Mountain Prominence

2013-07-14 19:02:02.000 – Tom Padham,  Summit Intern

Mt. Washington Casting its Shadow to the SW

Ever heard someone say a mountain is very ‘prominent’, but not know exactly what that means? That has certainly been the case for myself in the past, but after the topic came up this morning I decided to finally look it up. Mountain prominence, or topographic prominence, is a somewhat confusing topic but I’ll do my best to explain it here.
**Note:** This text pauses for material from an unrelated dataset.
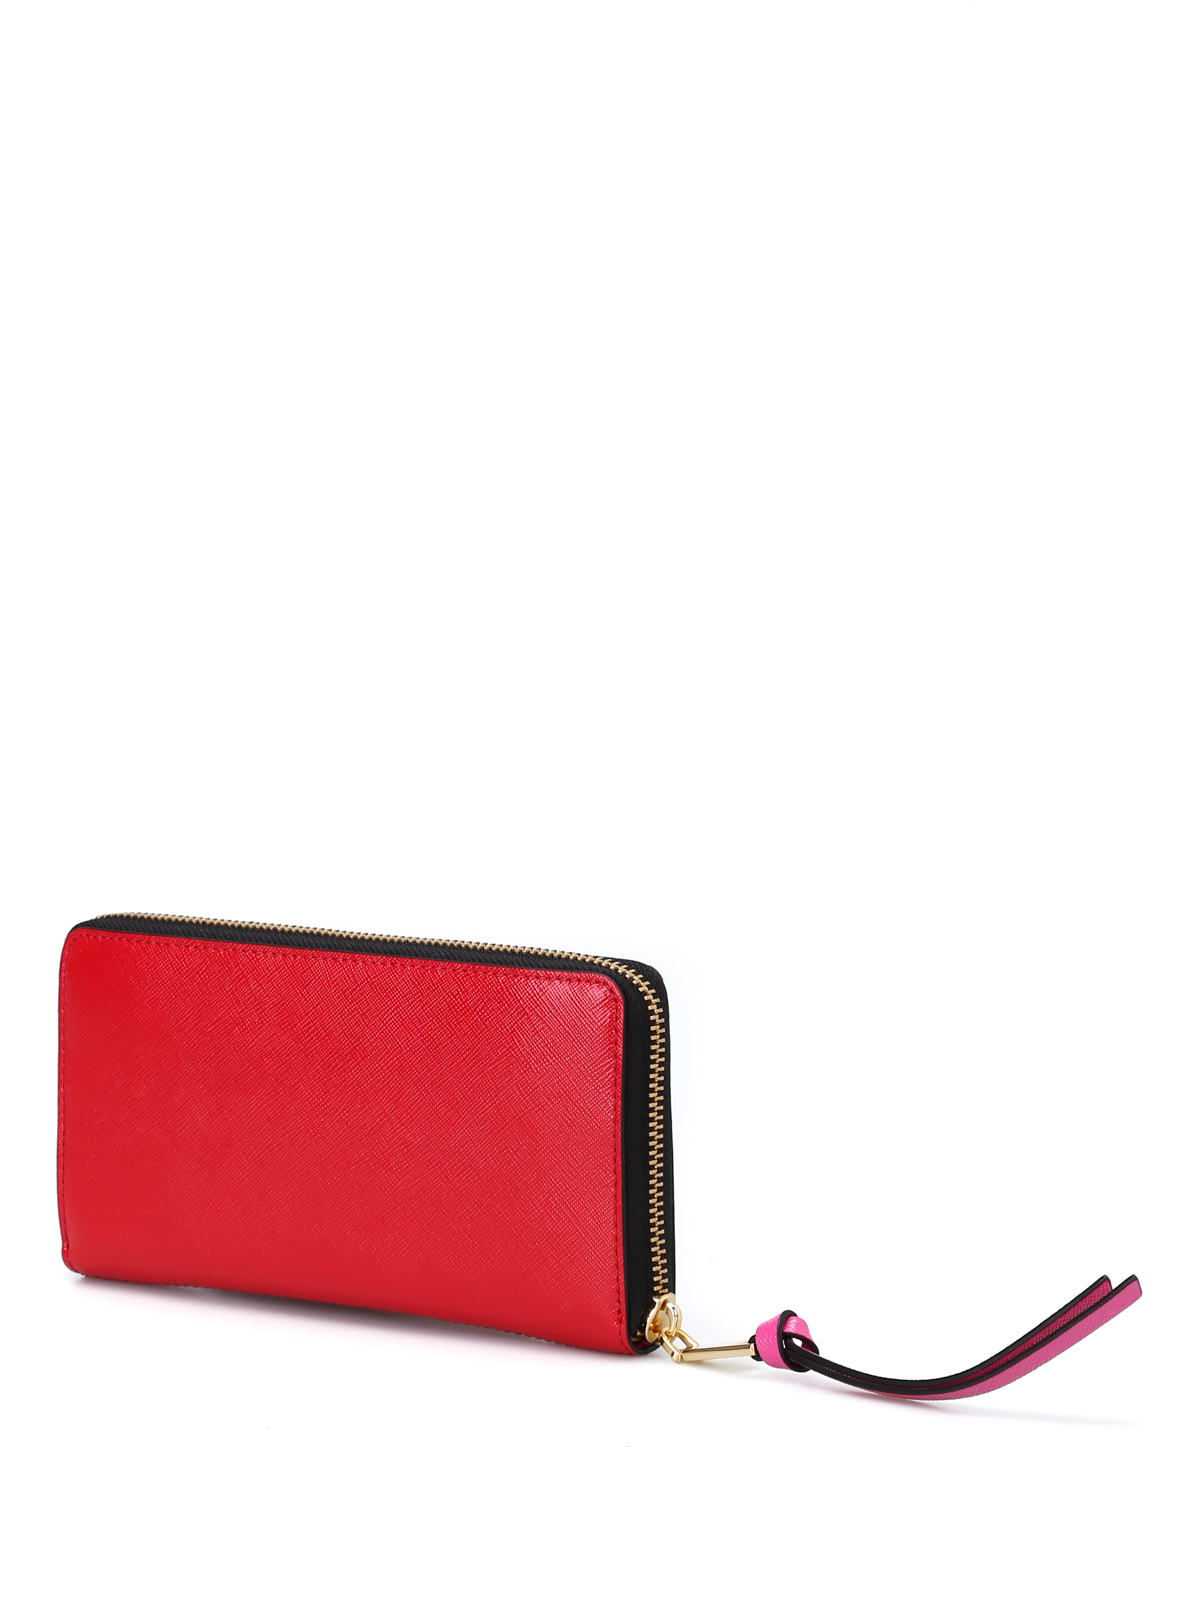 Wallets & purses - Fuchsia and saffiano wallet -

Prominence is defined as the lowest point encircling a mountain peak before rising to a higher peak than the original. In the case of Mount Washington the summit is the highest point in the Northeast, and therefore in order to find the closet higher peak you would have to travel to almost 820 miles to Celo Knob (6327 ft) in North Carolina. The lowest point in a line between these two peaks is then subtracted from Mount Washington’s elevation to give you the mountain’s prominence. In this case the lowest point is along the Champlain Canal in New York, at only about 140 feet above sea level (sea level is not considered the lowest point unless the mountain is the highest on the entire continent or an island). So Mount Washington’s prominence is 6288ft á¿œ 140ft = 6148ft. The summit is the most prominent peak in the Eastern United States, even though there are slightly higher peaks in Black Mountains of NC and the Great Smoky Mountains on the TN/NC border.
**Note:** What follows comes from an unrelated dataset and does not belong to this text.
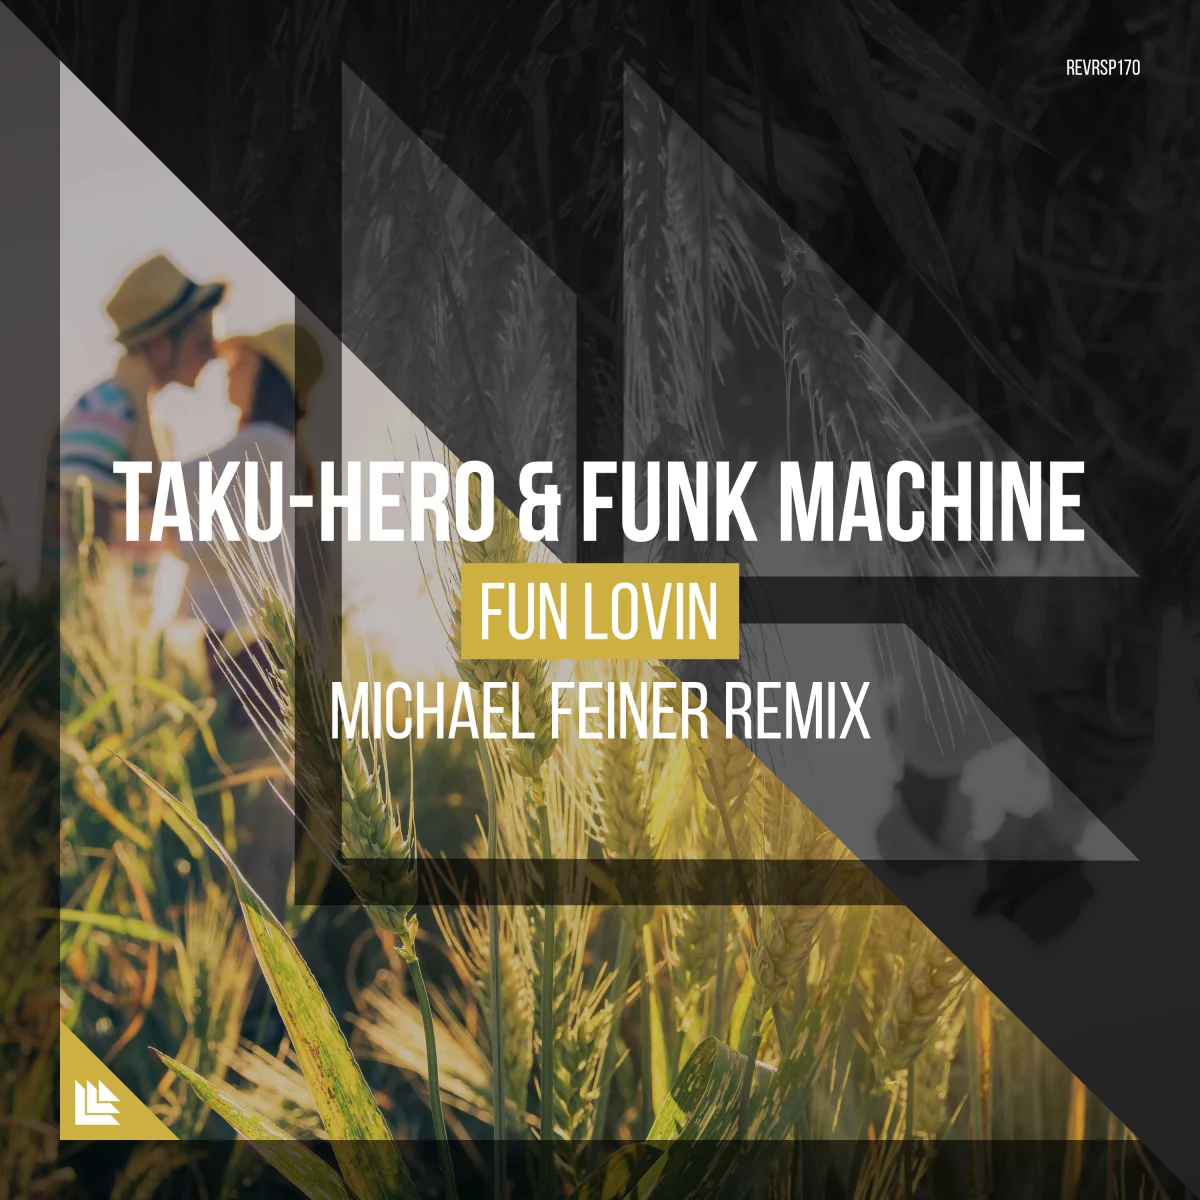 Fun Lovin (Michael Feiner Remix) - Taku-Hero & Funk Machine

So why is prominence of a mountain important? Mountaineers often care about prominence because it shows how significant the mountain is in relation to the surrounding landscape. For example Mount Massive in Colorado (14,428 ft) is a very large mountain (appropriately named), and the second highest in the state. The prominence of the mountain is only 1941ft in the valley below however, since only 5 miles away is Mount Elbert, the state’s highest point. Another important part of very prominent mountains is that they have excellent views of the surrounding terrain. Since Mount Washington is very prominent above the surrounding terrain and considered an ultra-prominent peak (over 4900 ft), our maximum visibility from the summit is an incredible 134 miles! So the next time you hear someone talk about a mountain being ‘prominent’ hopefully you’ll understand this somewhat confusing term, and if you’ve been lucky enough to visit the summit of Mount Washington you can even brag about making it to the top of the most prominent peak in the East!